Items from a dataset
* * *

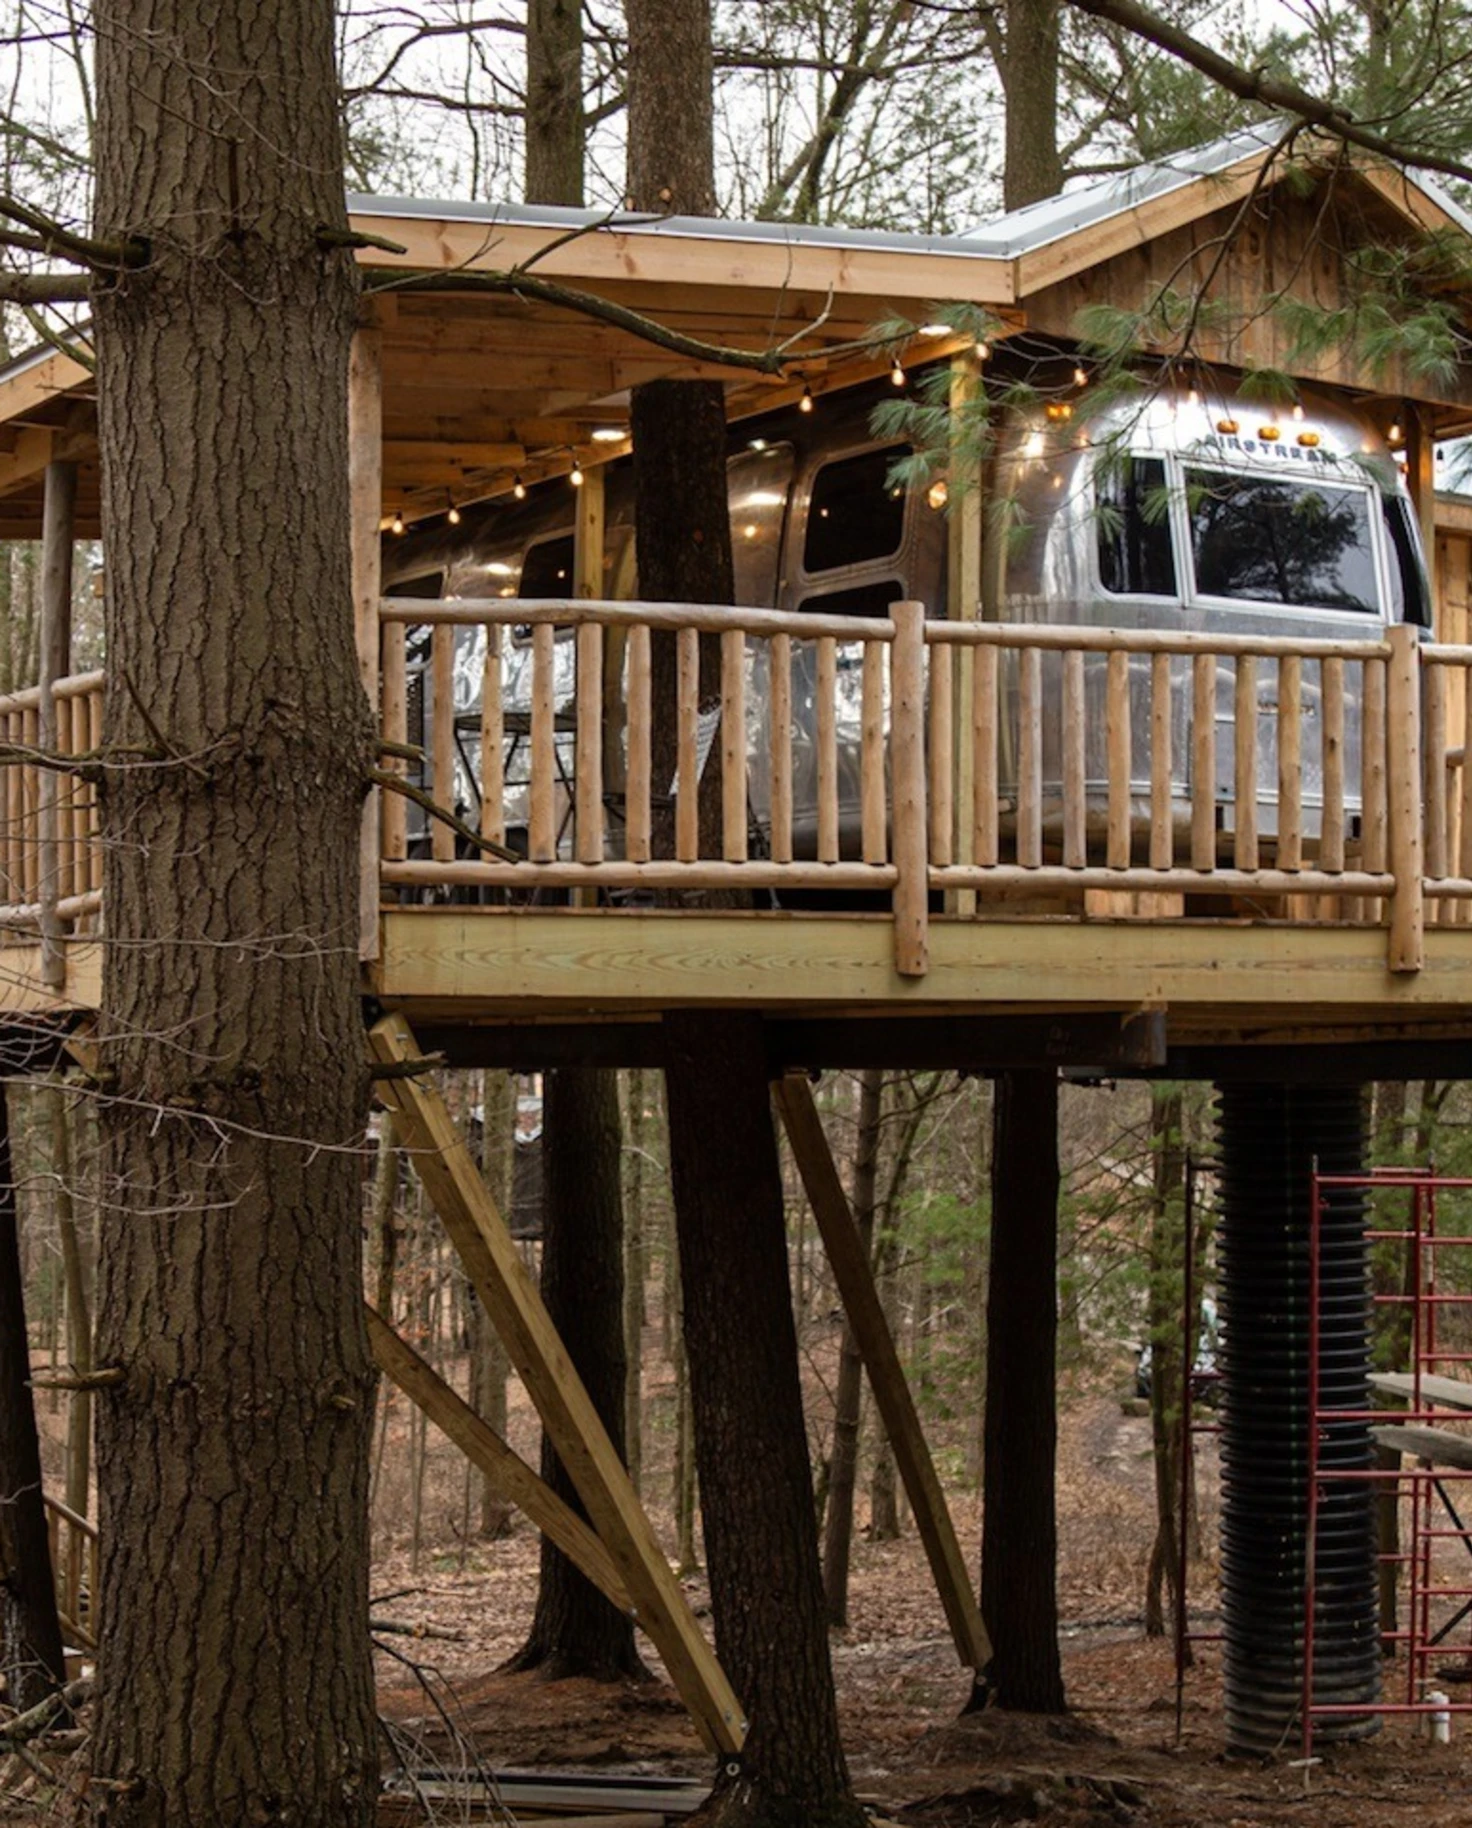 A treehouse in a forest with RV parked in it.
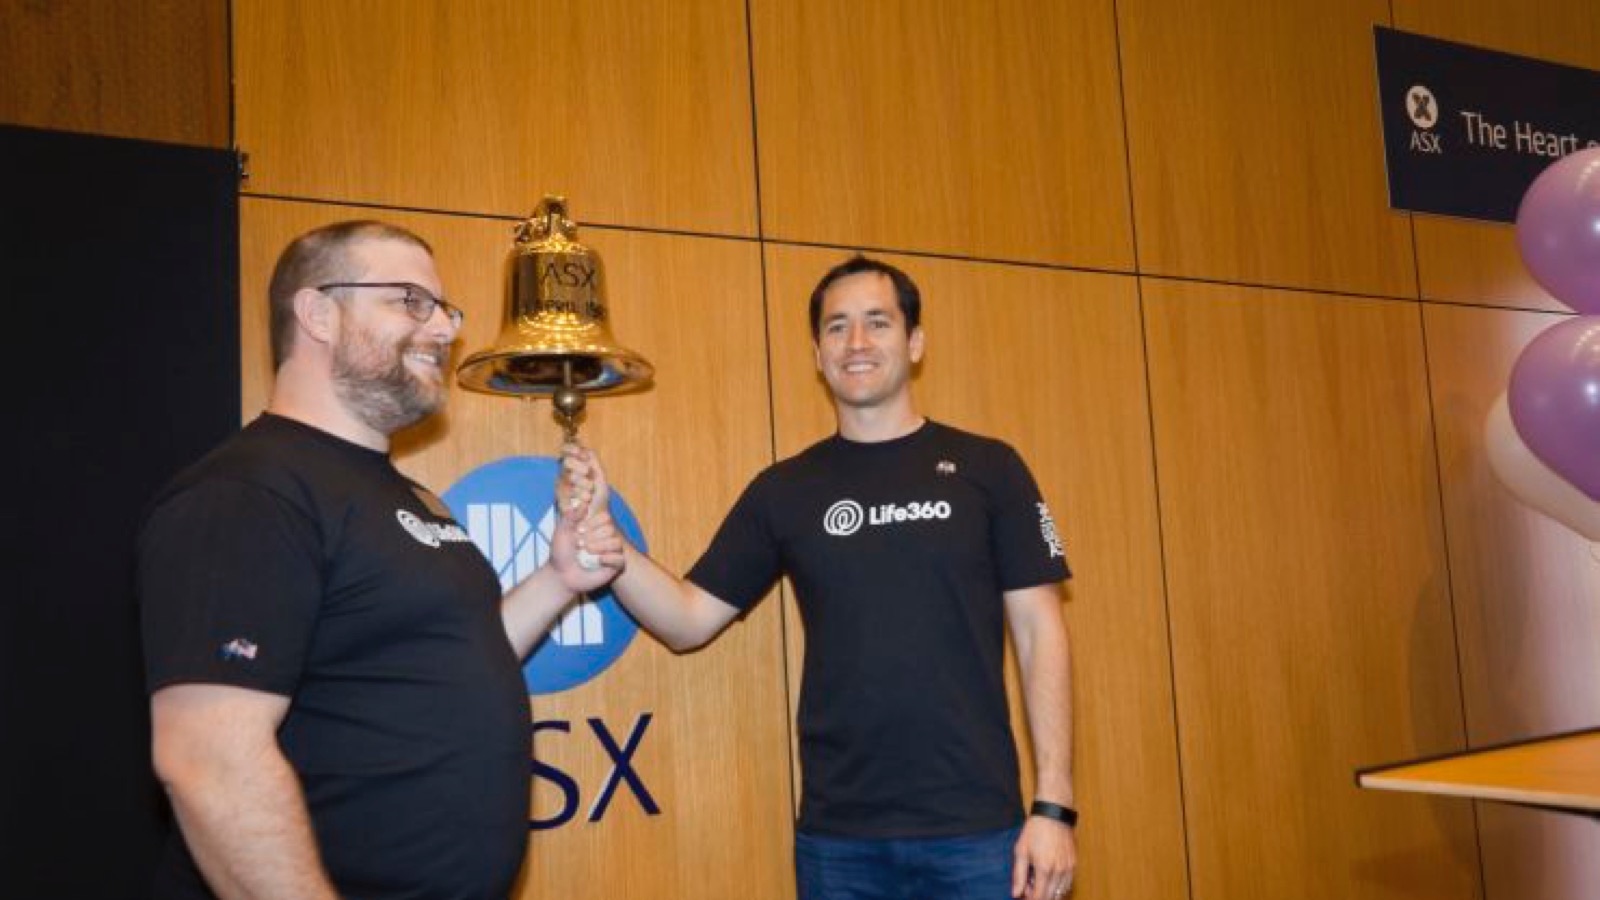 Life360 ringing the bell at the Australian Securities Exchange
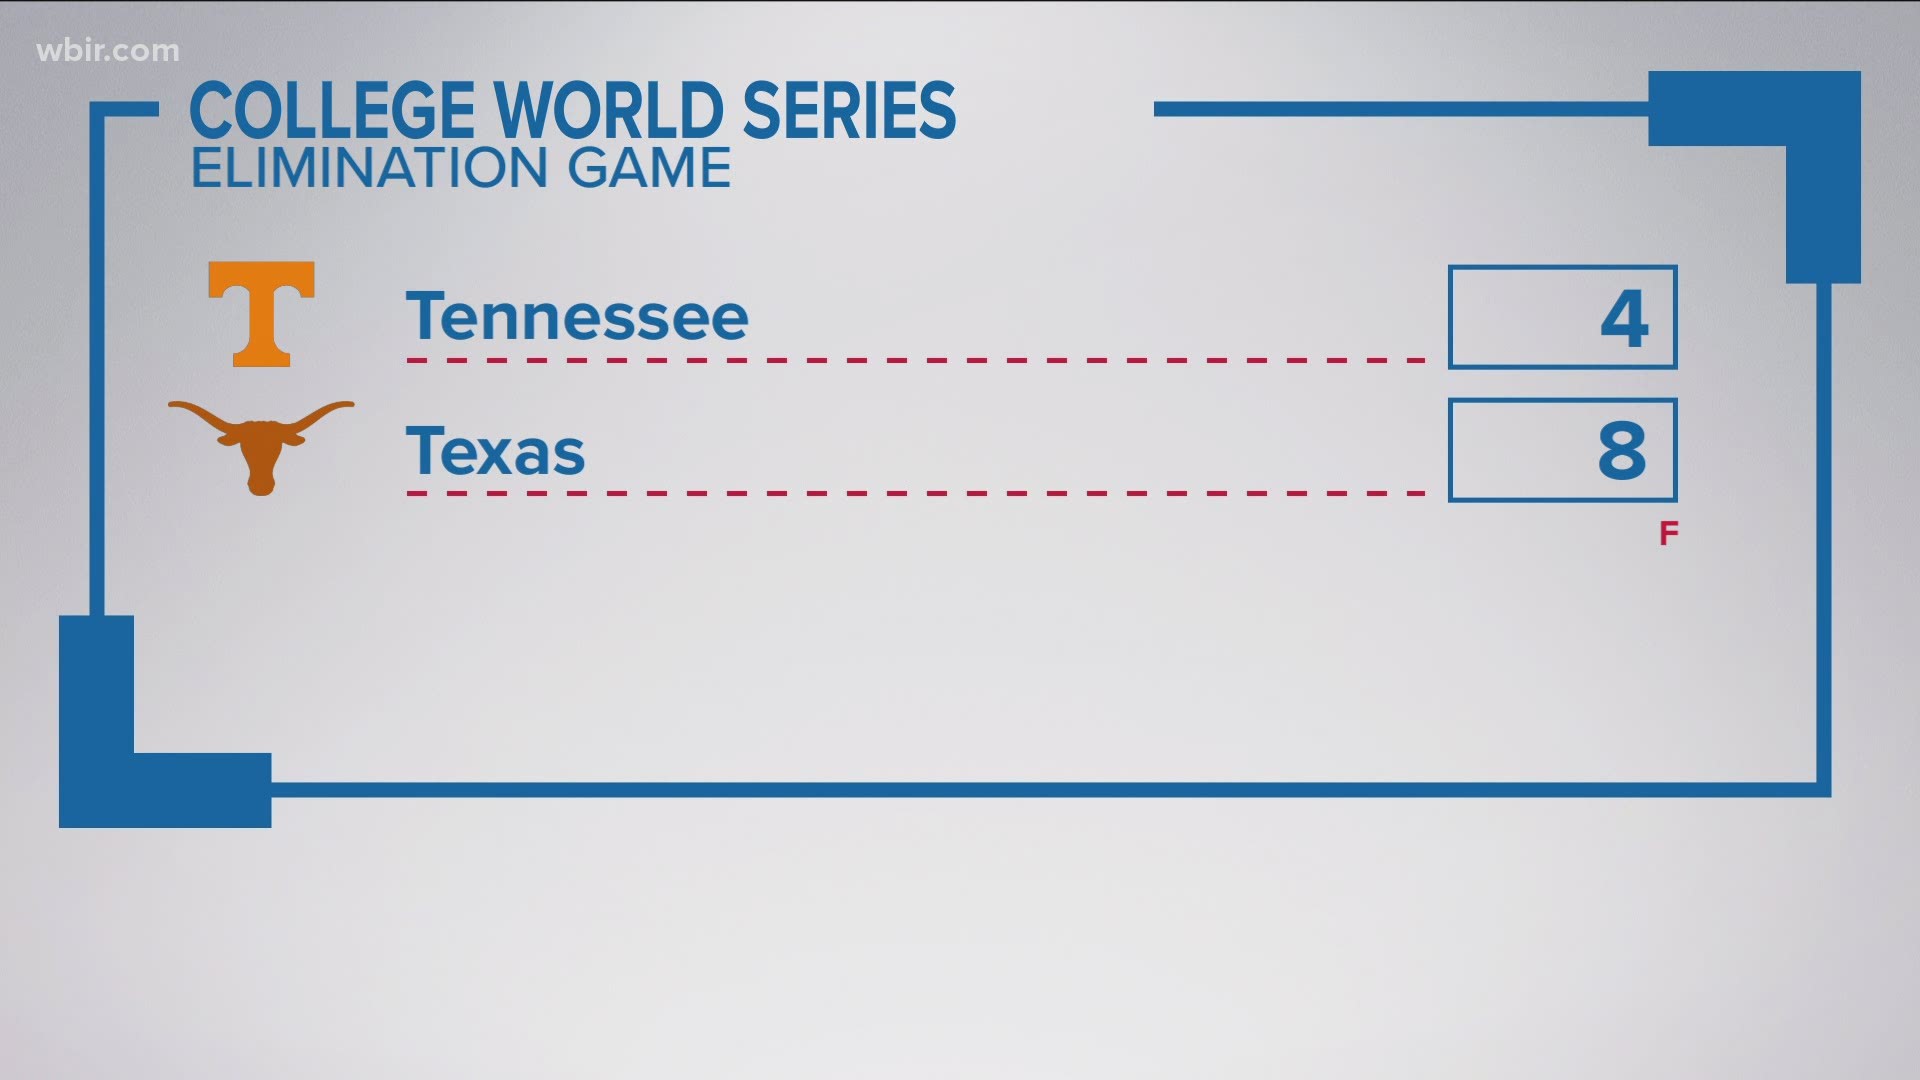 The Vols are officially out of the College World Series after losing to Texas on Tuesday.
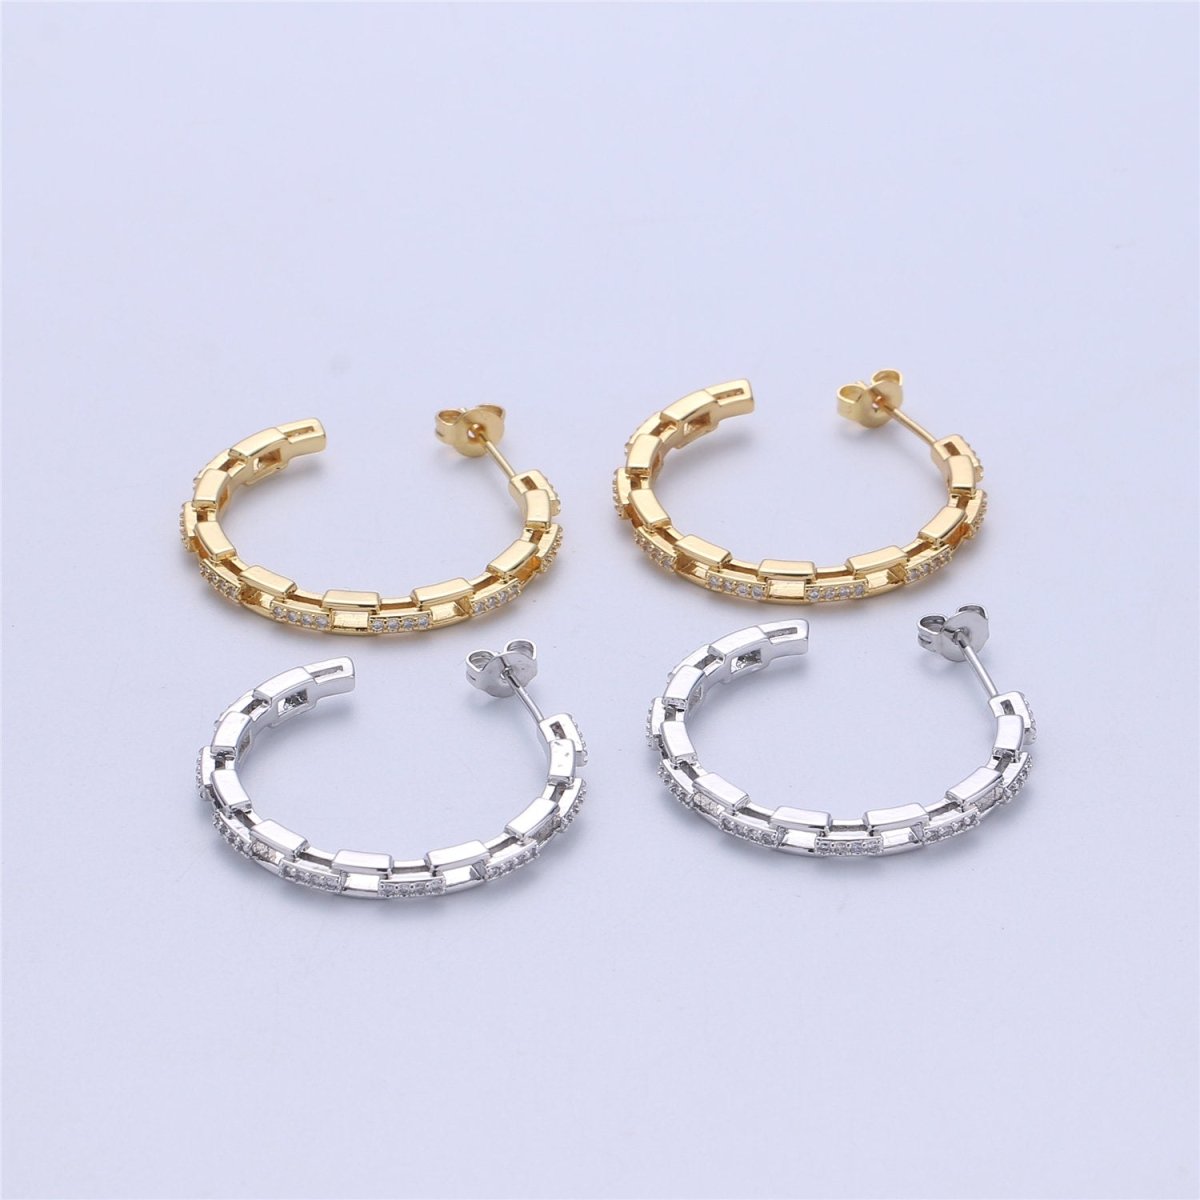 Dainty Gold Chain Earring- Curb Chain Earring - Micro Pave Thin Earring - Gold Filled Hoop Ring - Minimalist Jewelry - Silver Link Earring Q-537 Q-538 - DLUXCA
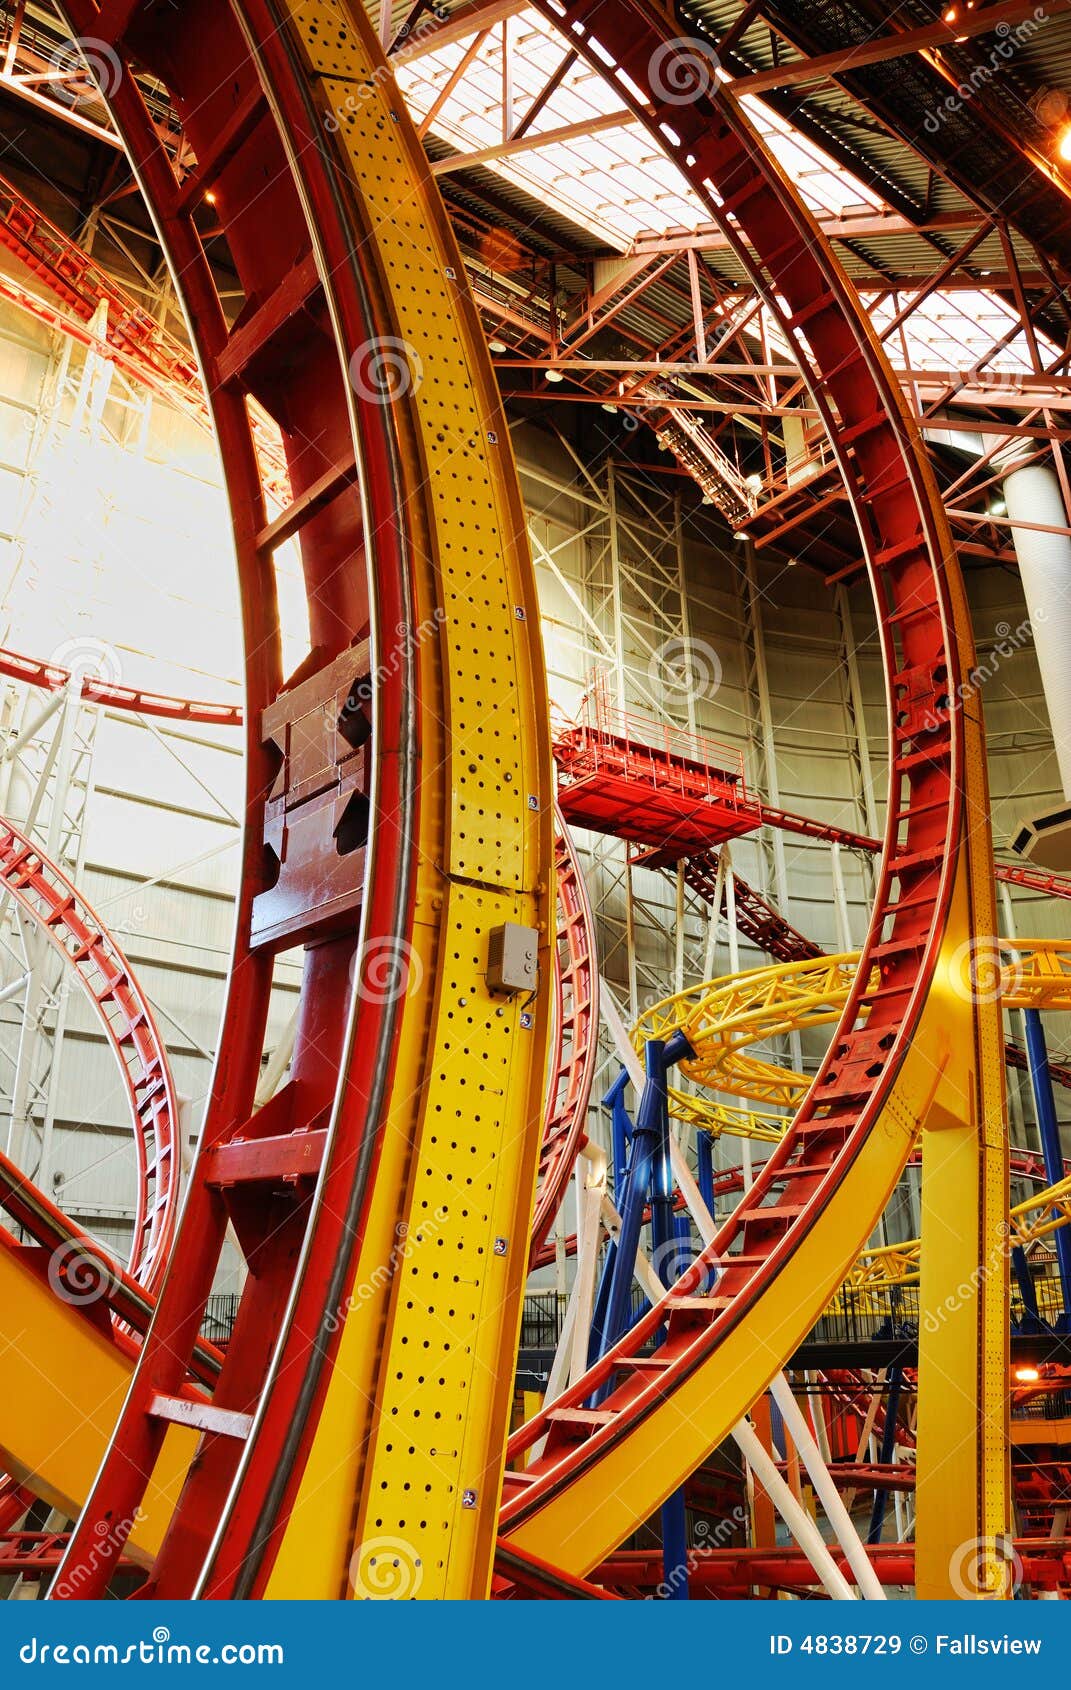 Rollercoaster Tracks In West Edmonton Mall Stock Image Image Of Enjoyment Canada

* * *

All entries above should be returned exactly, apart from their pictures.

 A treehouse in a forest with RV parked in it.
 Life360 ringing the bell at the Australian Securities Exchange
 The Vols are officially out of the College World Series after losing to Texas on Tuesday.
 Dainty Gold Chain Earring- Curb Chain Earring - Micro Pave Thin Earring - Gold Filled Hoop Ring - Minimalist Jewelry - Silver Link Earring Q-537 Q-538 - DLUXCA
 Rollercoaster Tracks In West Edmonton Mall Stock Image Image Of Enjoyment Canada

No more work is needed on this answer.